Temperature dependence of the lifetime τ and of the spin-relaxation time T₁ on the non-equilibrium electrons, obtained from the data of Fig. 2.

The strong dependence of the spin-relaxation time on the temperature is a characteristic of the interaction between the spin and the lattice vibrations. For relaxation on acoustic oscillations at T < θ_D (θ_D is the Debye temperature) the theory predicts a power-law dependence of the relaxation time on the temperature: \(T_{1}^{{ - 1}}\) ~ (T K)^5/2 [4]. It is seen from Fig. 3 that in the region 77 to 240 K¹ the observed T₁ dependence agrees quite well with the T^5/2 law. The deviation from this law in the region of higher temperatures is apparently due to the contribution of the optical oscillations, which cannot be neglected at these temperatures.
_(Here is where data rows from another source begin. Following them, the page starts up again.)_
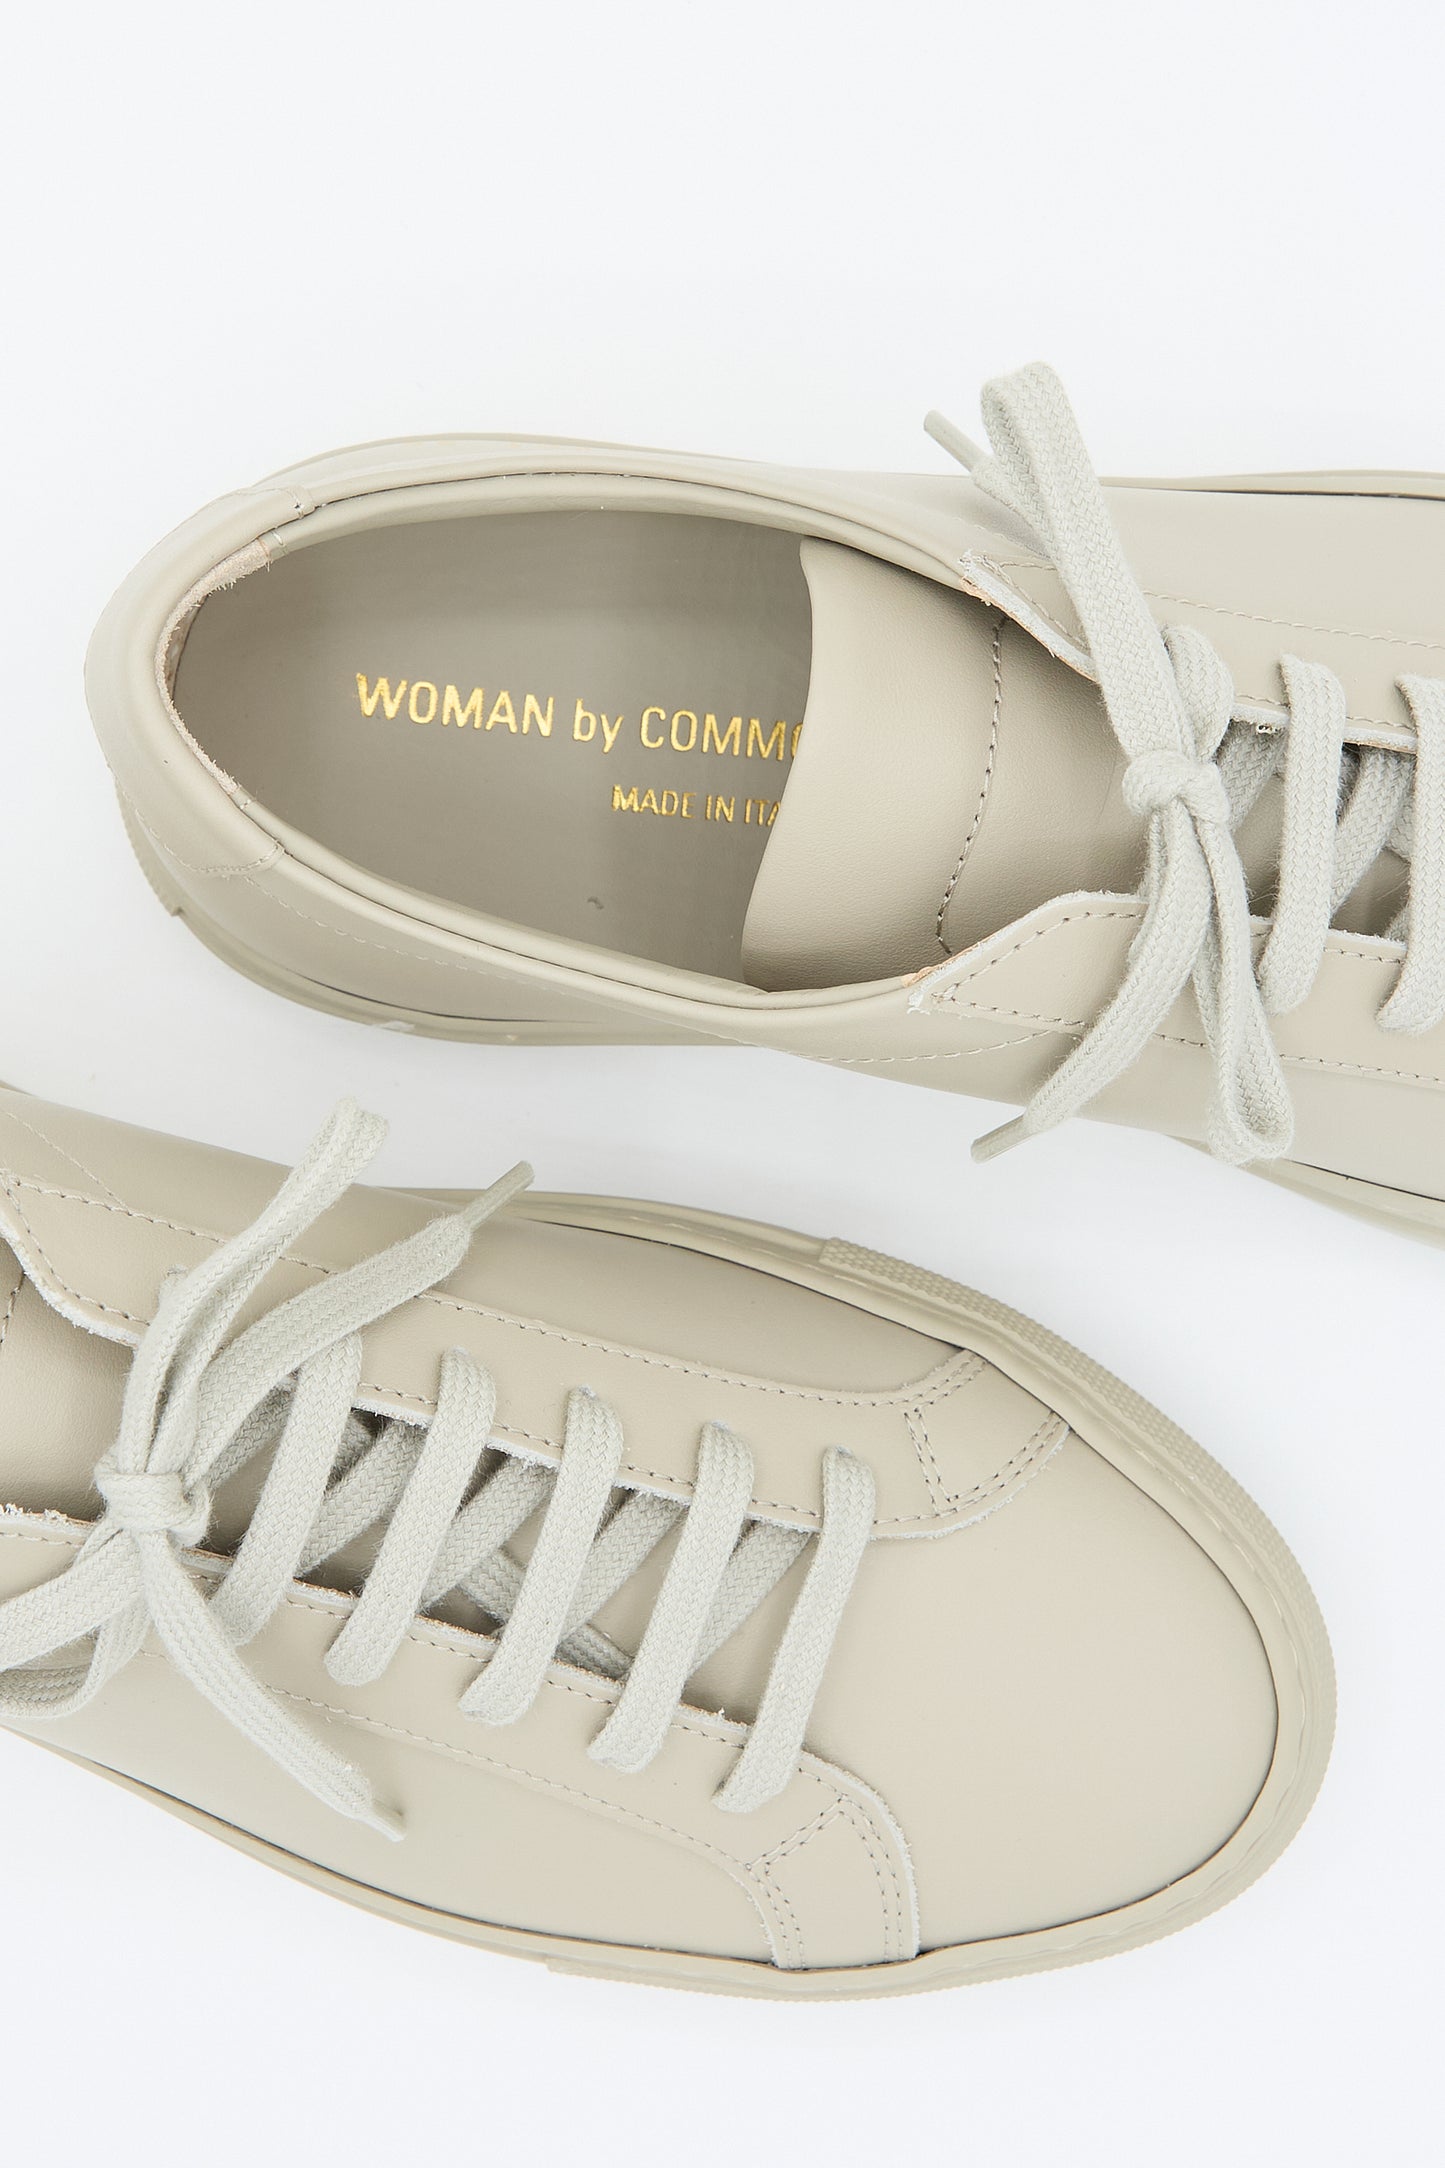 A pair of beige, minimalist Original Achilles Low 3701 sneakers with gray laces from Common Projects, isolated on a white background. Made in Italy.
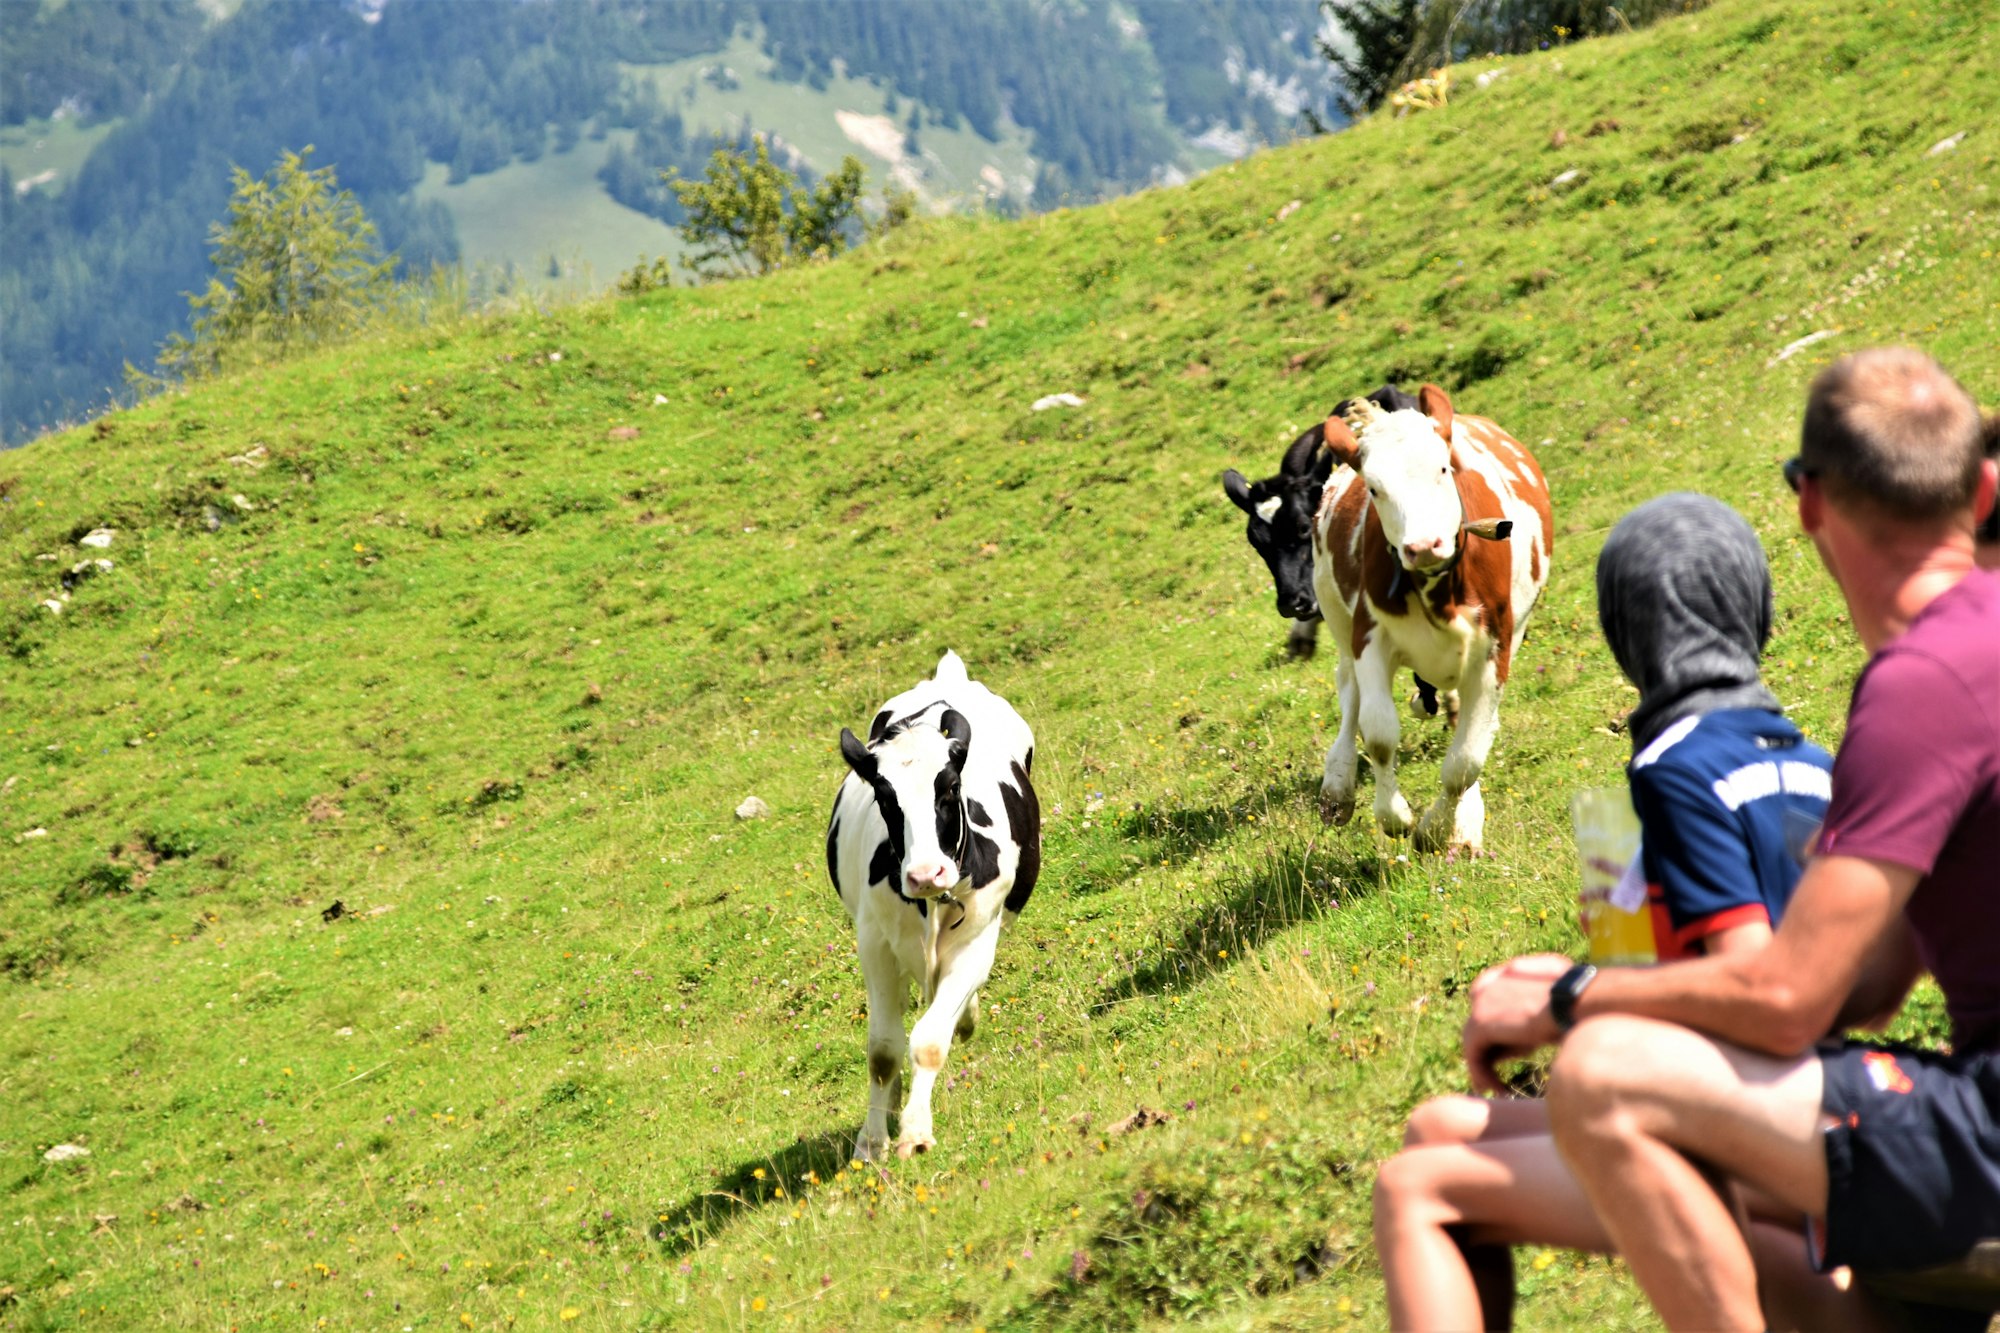 Thirsty cows are running in front of the hikers
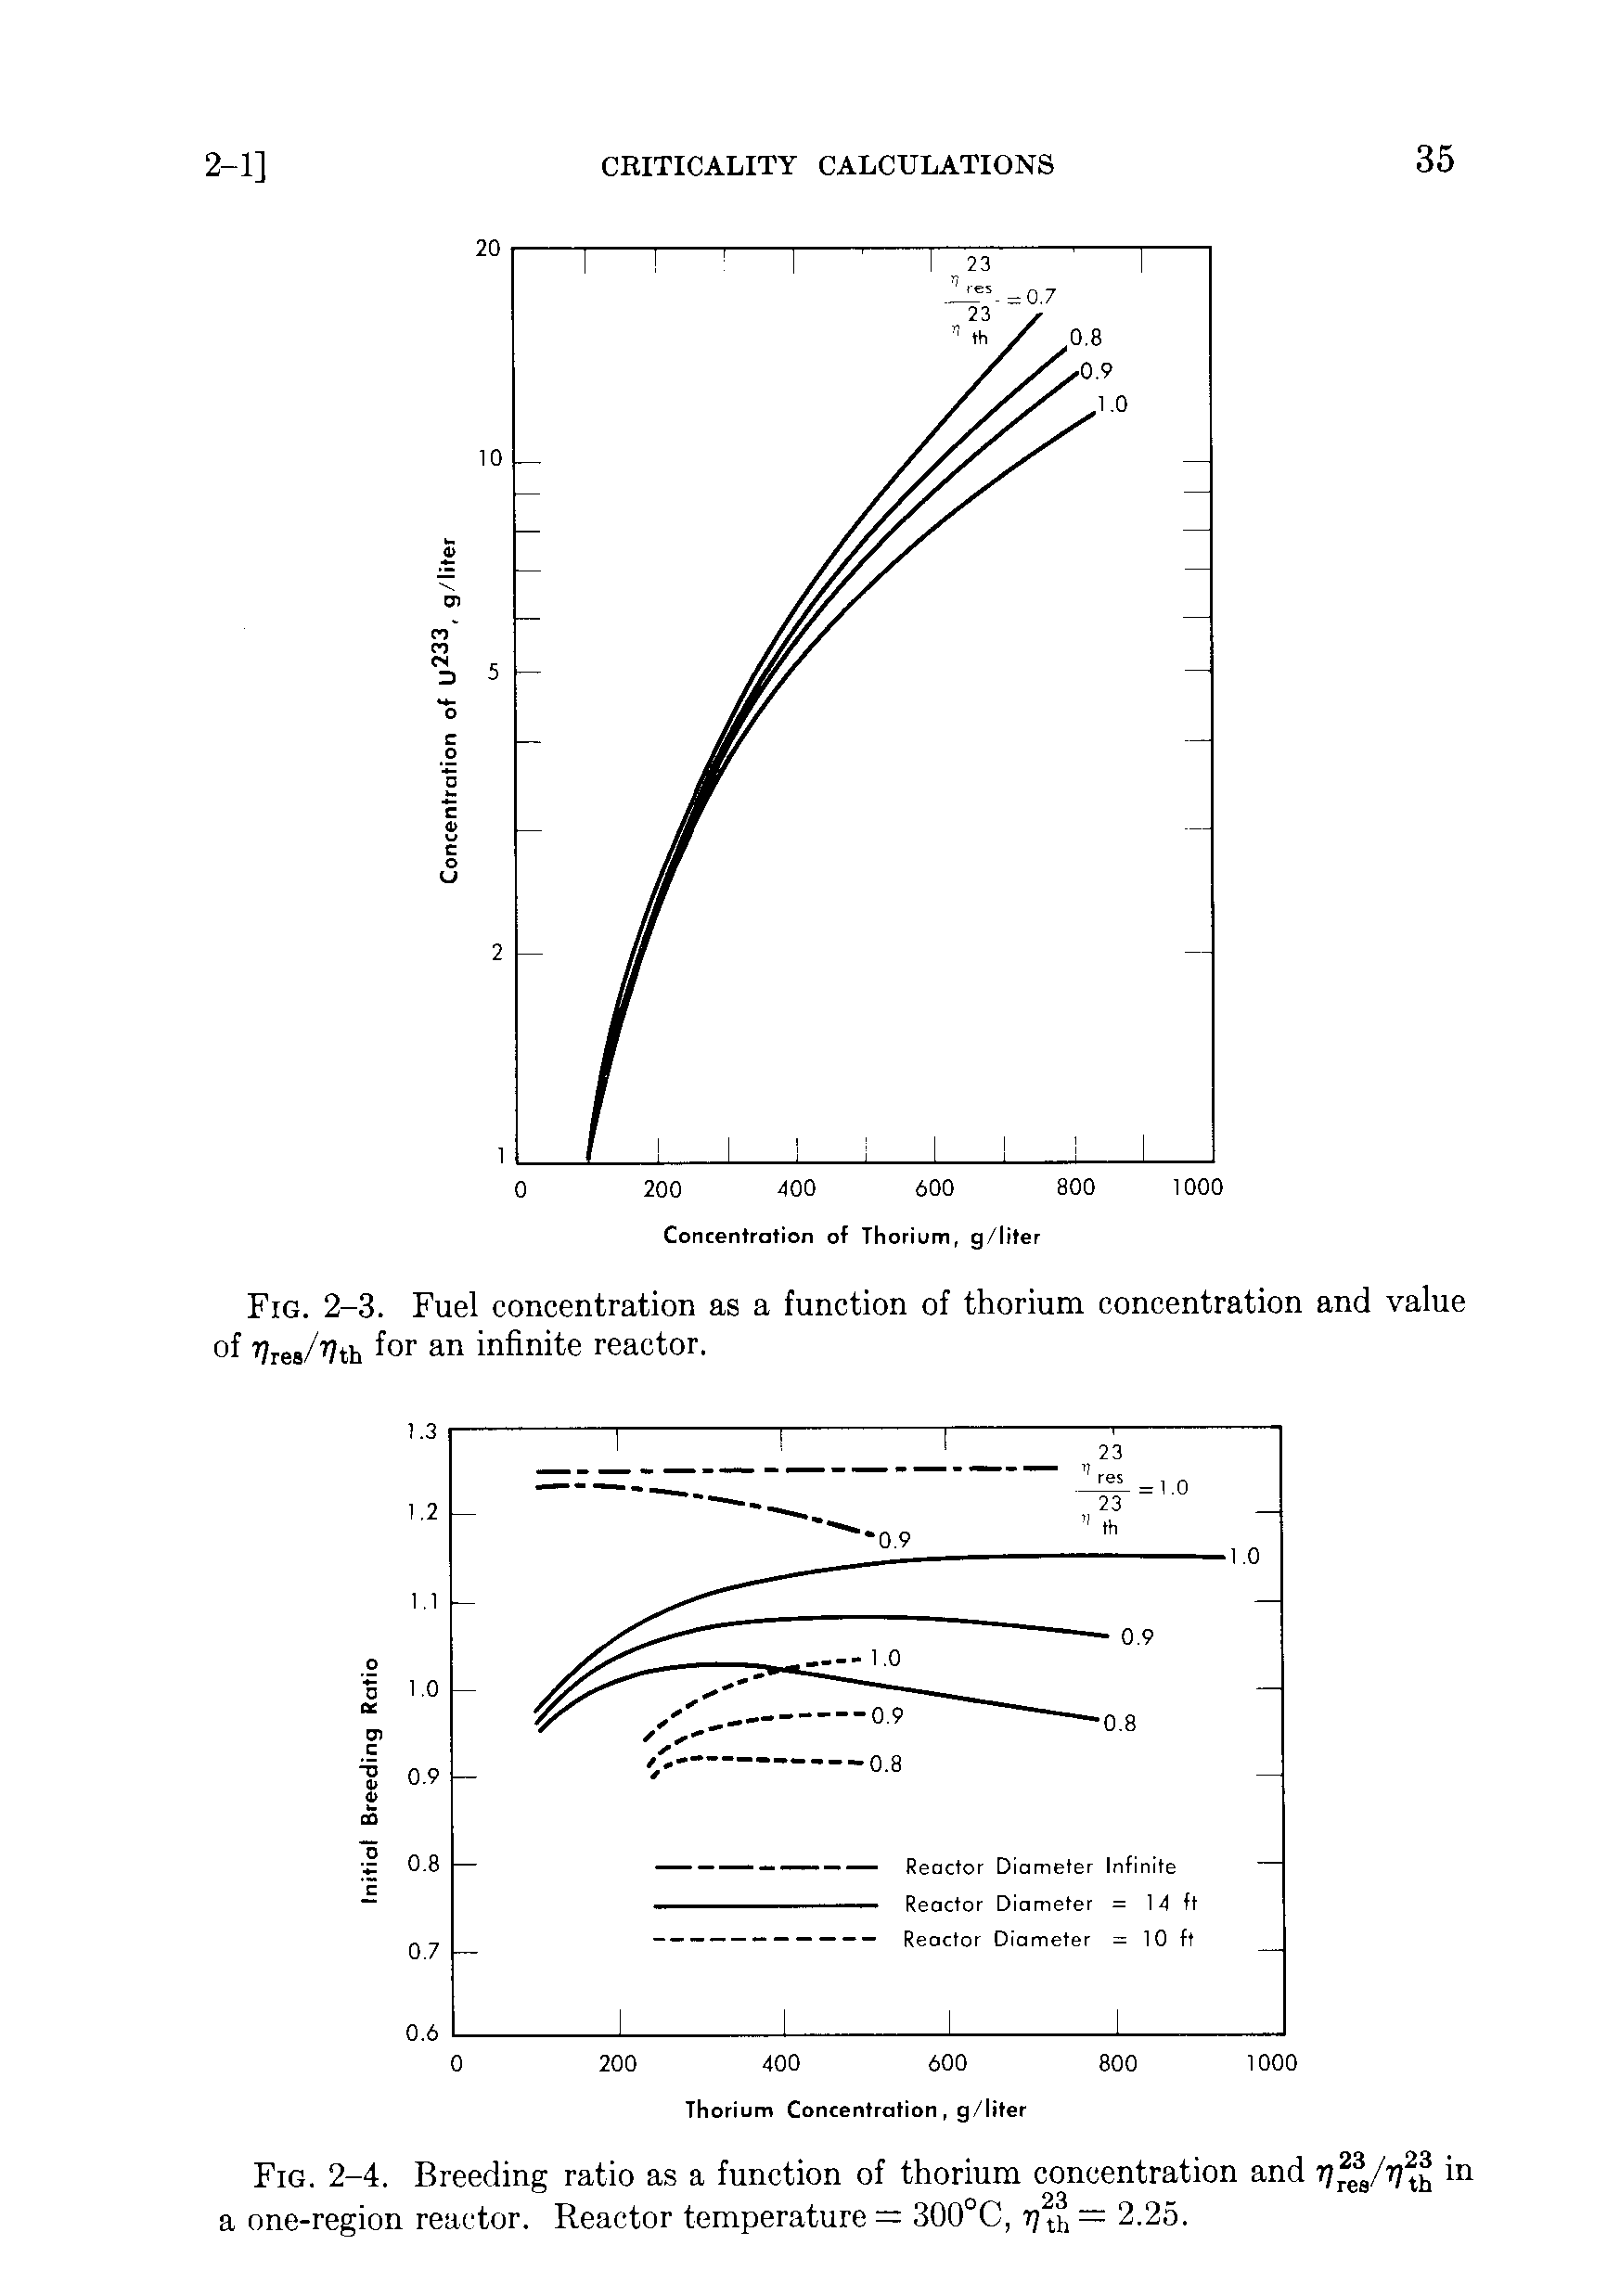 Fig. 2-4. Breeding ratio as a function of thorium concentration and vfea vih io a one-region reactor. Reactor temperature = 300°C, r tf, = 2.25.

The lifetime τ changed insignificantly from τ = 0.9 × 10^–10 s at 77 K to τ = 1.2 × 10^–10 s at 300 K. However, the luminescence intensity decreased in this case by approximately one order of magnitude. A comparison of these facts makes it possible to conclude that in this case the lifetime of the electrons with respect to radiative transitions is at least 5–6 times larger than the total lifetime of the nonequilibrium carriers. The total lifetime is determined apparently by the nonradiative recombination via deep levels, and in this case, as is well known [6], it may remain constant when the temperature varies in a wide range. As shown by estimates, the increase of the radiative lifetime with increasing temperature may be due to a decrease in the number of neutral acceptors (E_i \( \simeq \) –0.03 eV) with which the nonradiative recombination takes place.

In conclusion, we note that our measurements of the total lifetime in conjunction with measurements of the quantum yield make it possible to determine the absolute value of the radiative lifetime.